NYAPRS Note: This complex, daunting (and at points triggering) article details the complicated relationship between individuals with suicidal experiences, and those who care for them.
How Patient Suicide Affects Psychiatrists
The Atlantic; Sulome Anderson, 1/20/2015
Mental-health practitioners whose clients kill themselves can face stigma from their colleagues, lawsuits, and a toll on their own psyches—making them less likely to take on suicidal patients who need their help.
It’s hard to listen to a psychiatrist who sounds so broken. I expect a mental-health provider to seem healthy, detached. But even over the phone, the weariness in Dr. Brown’s voice is palpable.
“This is what we do when people die,” he says. “Even if they die an expected death, it seems to be human nature to go back over [it]. What should I have said that I didn’t, or shouldn’t have said that I did? Could I have done more or did I do too much? This seems to be a part of the grieving process. I think it’s especially intense in a situation where you have direct responsibility for helping the person get better.”
Brown lost a patient to suicide last year. She was a long-term client of his, the mother of a large, loving family. Right after a session with him, she went home and killed herself. Two months later, Brown’s son did the same thing.

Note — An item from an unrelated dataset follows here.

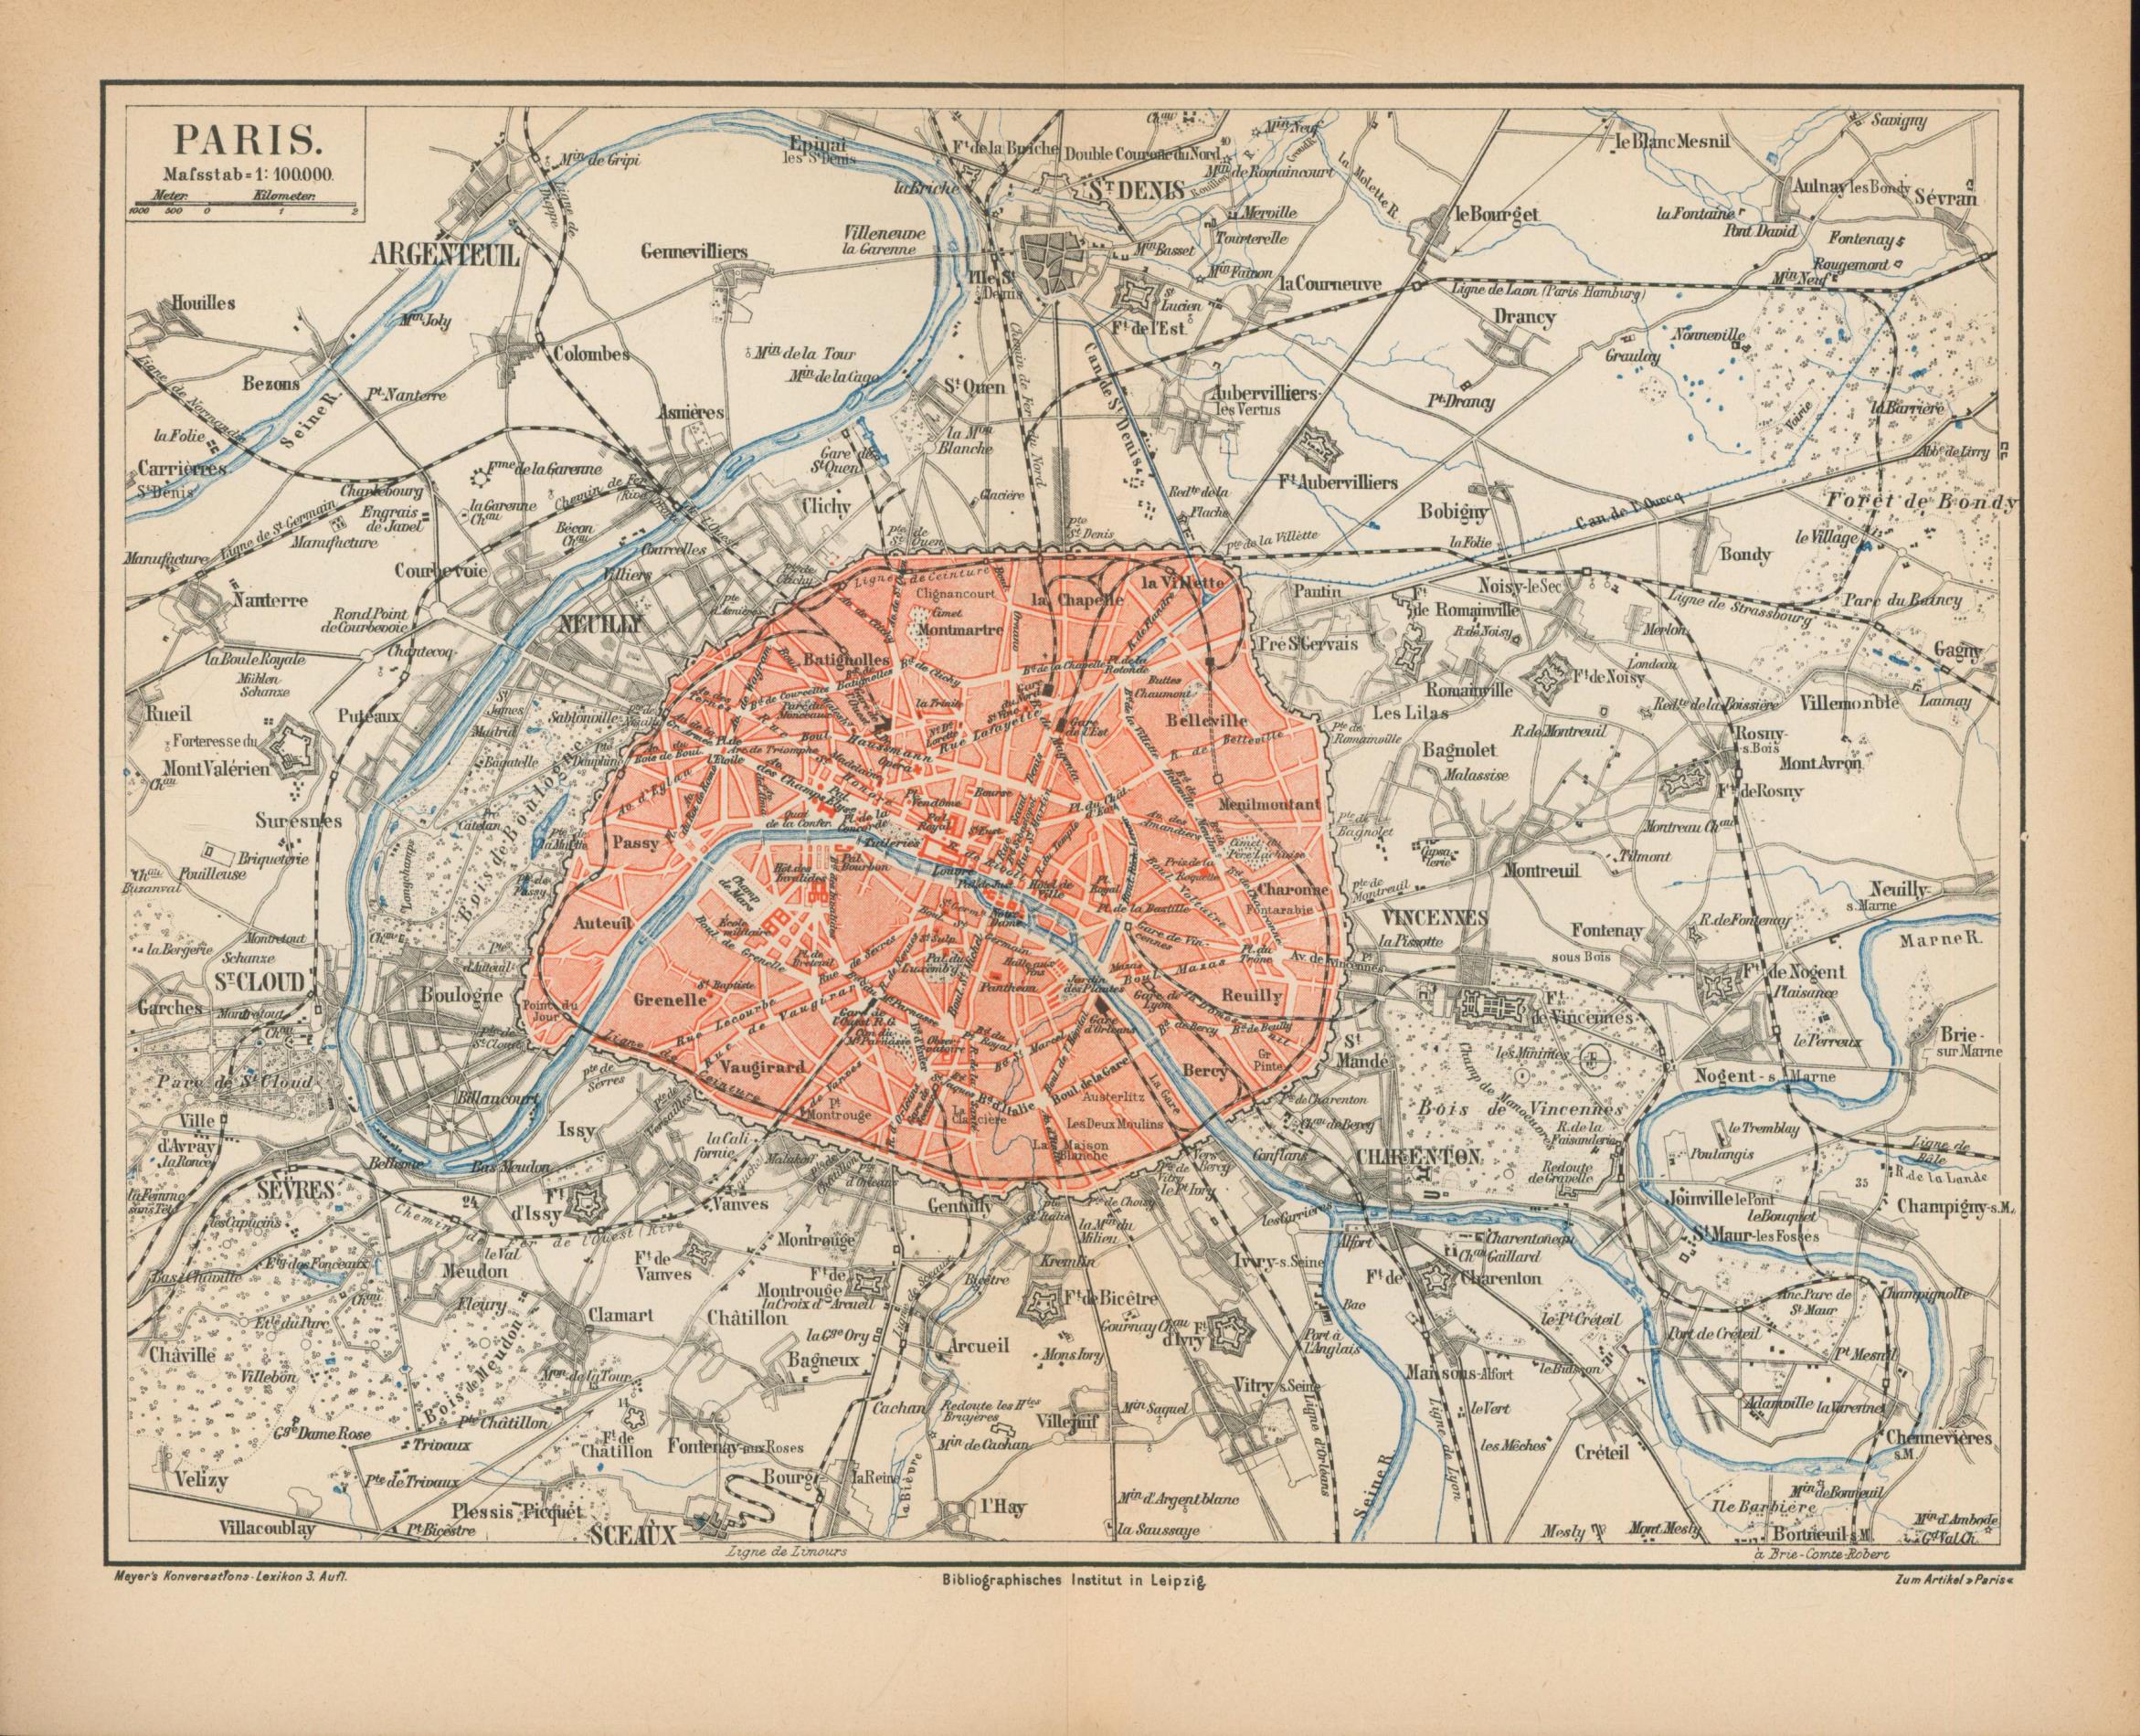 Paris von 1874,Maßstab 1:100.000: Historische Landkarte KEIN
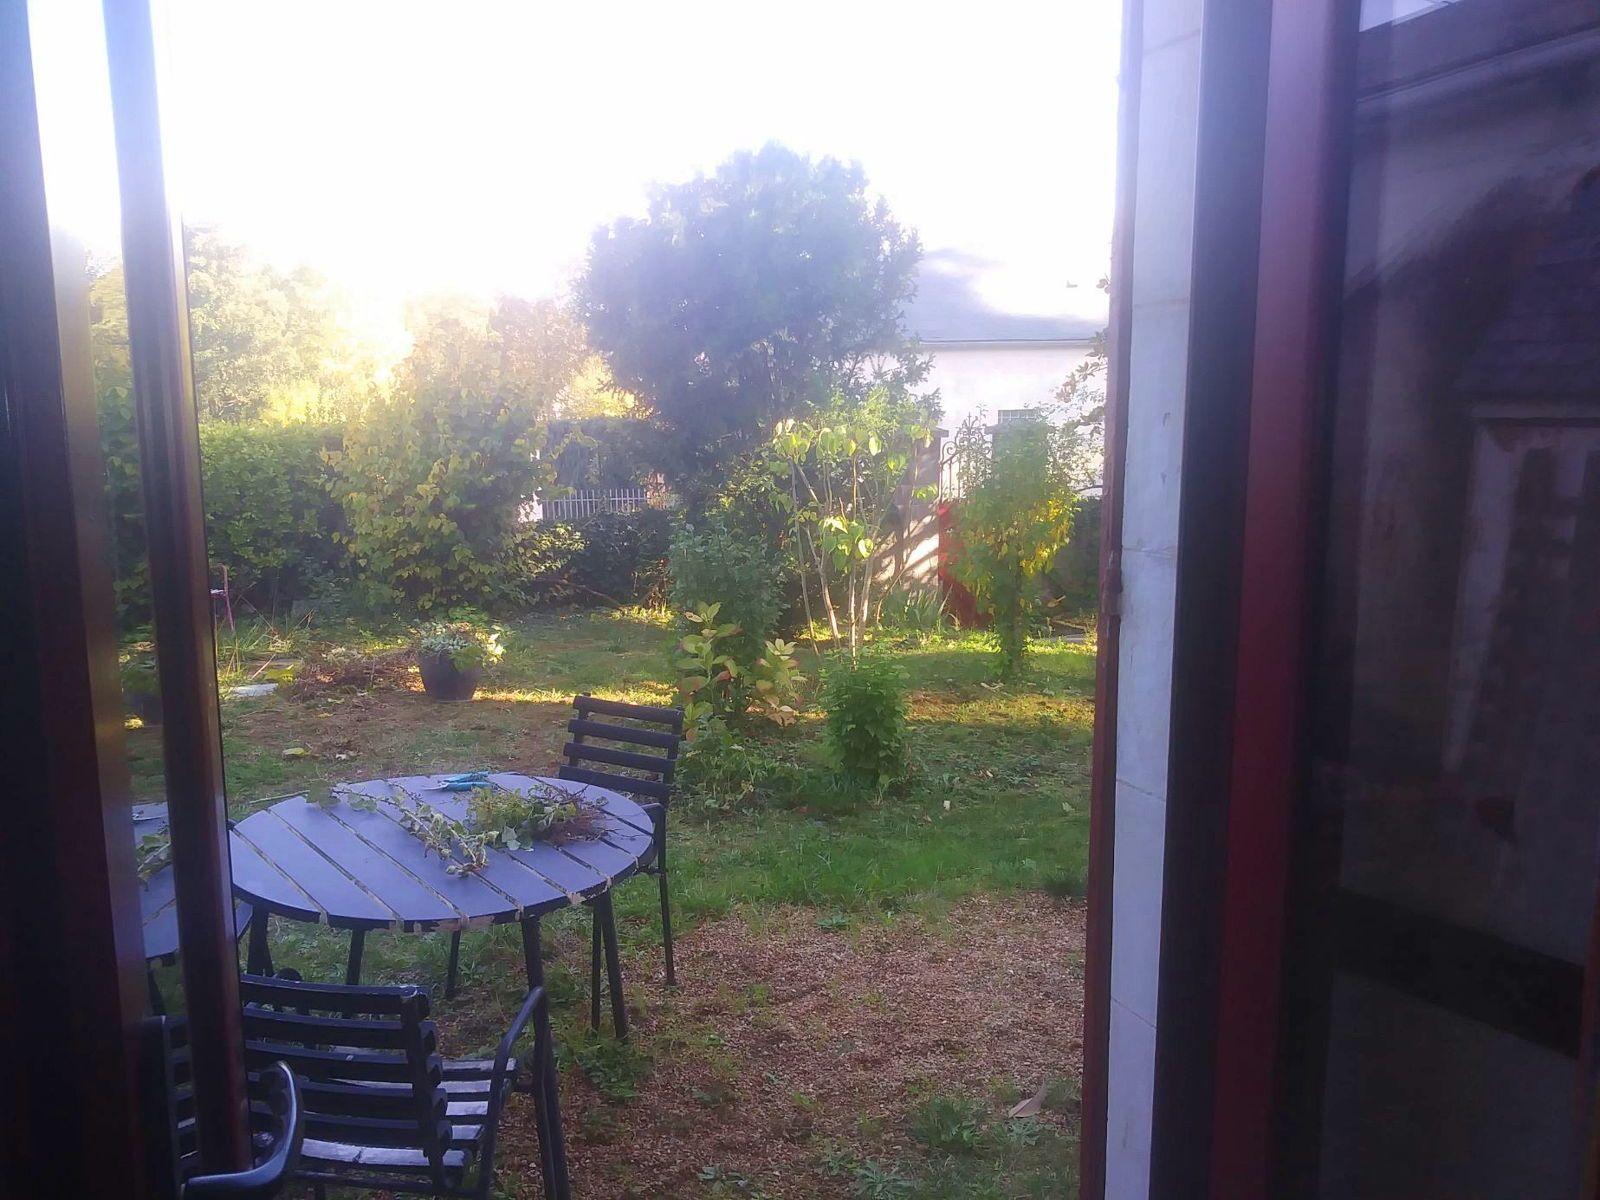 Vends maison de bourg, 6chambres, 5salles d'eau, 190m², Dissay sous Courcillon (72)

He doesn’t want to talk about his son. It’s still too immediate and painful. But he does tell me how he felt after his patient died. “I went to the funeral,” he says quietly. “I stood for the entire service … it was completely packed with people just standing and so I was thinking, as I was listening to this service, that I was the only person in that room who had that particular relationship with that woman. Everybody else knew her in some different way. They were friends, they were family, they were relatives, maybe they knew her in the congregation and I was the only one who had been working with her, seeing her the day before, trying to prevent this. I felt unique and not in a very flattering way.”
Suicide is the number-one cause of lawsuits brought against mental-health treatment providers.
Suicide is the third leading cause of death for young adults, and the 10th leading cause of death for the general population. The doctors I spoke with about this gave me different statistics on the number of mental-health professionals whose patients commit suicide. One says 51 percent of psychiatrists; another tells me it’s as high as 80 percent of all people who work in the mental-health field—including psychologists, social workers, etc. But the stigma of suicide is so strong that it’s often an issue left unspoken, even by doctors. Many psychiatrists refuse to treat chronically suicidal patients, not only because of the stigma that surrounds it even in their profession, but because suicide is the number-one cause of lawsuits brought against mental-health treatment providers.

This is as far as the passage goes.